Fig. 1: Flow diagram of the modeling framework.
figure 1

The pipeline integrates data collection, database construction, model development, and spatial visualization.

Relationships between soil properties and Cd distribution patterns

Based on previous research on the retention of Cd in soils, the bioavailable Cd content in soils is predominantly controlled by adsorption onto four major reactive soil components: soil organic matter (SOM), dissolved organic matter (DOM), clay, and HFO. Cd adsorption to SOM and DOM was described with different ratios of humic acid (HA) and fulvic acid (FA). HA-Cd, FA-Cd, Clay-Cd, and HFO-Cd represent the amount of Cd adsorbed on these surfaces (Methods and Text S7). The reliability of the MSMs in both the EU and China was demonstrated by validating the correlation between the MSM-calculated equilibrium dissolved Cd (MSMs-Cd) and empirical data on plant uptake and extracted Cd. The robust linear correlation demonstrated that MSM-calculated dissolved Cd effectively indicates soil Cd bioavailability (Text S4) and was used to evaluate the Cd bioavailability. Within the geochemical-integrated ML framework, the gradient boosting regression tree (GBRT) model trained on the Cddist dataset achieved satisfactory R2 values of 0.998 and 0.989 on the internal and external test sets, respectively, and thus was chosen as the final algorithm to predict the solid‒liquid distribution of Cd at each site (Text S3). The dissolved Cd concentration predicted by GBRT was termed as ML-Cd.
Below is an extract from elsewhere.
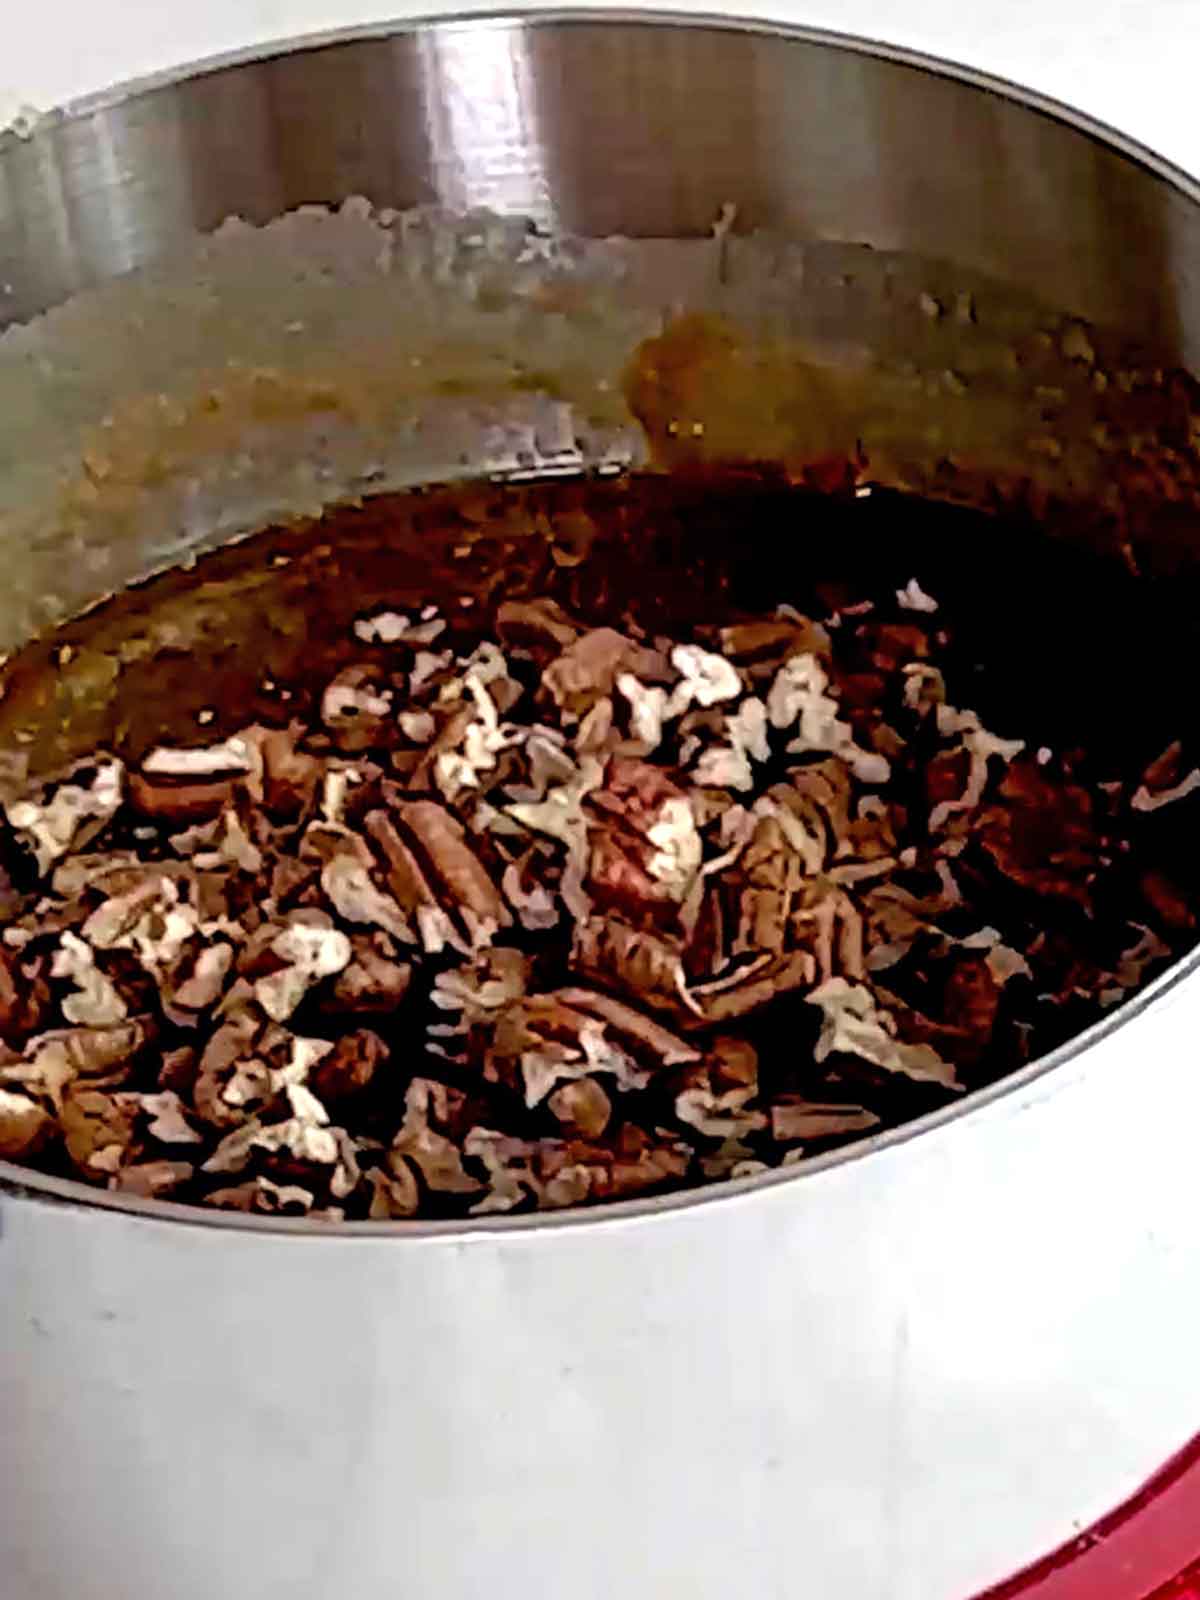 Pecans are added to the praline mixture.

Taking the prediction of the ML-Cd as an example, three different feature analysis techniques were utilized to evaluate the importance of different features (Figs. S1 and S2). The total Cd content, pH, and SOC (accounting for 58% of OM27) content were identified as the three most important features for the prediction of the ML-Cd, among which SOC was the dominant sorbent in the soil. As shown in Fig. S1a, SHapley Additive explanation (SHAP) analysis (a feature importance method, detailed in Methods) for predicting ML-Cd revealed that pH, SOC, clay, and HFO were negatively correlated with the content of ML-Cd. Conversely, higher concentrations of total Cd were associated with greater predictions of ML-Cd. A distinct pattern of total Cd content was observed where a dense cluster of high Cd concentration instances (red points) with small and positive SHAP values, while instances of lower Cd concentration (blue points) extended further toward the left, suggesting that low total Cd concentration had a stronger negative impact on ML-Cd. More details about the interaction effects can be found in the dependence plot, interaction plot, and heatmap, and the details are given in Text S5 and Fig. S3.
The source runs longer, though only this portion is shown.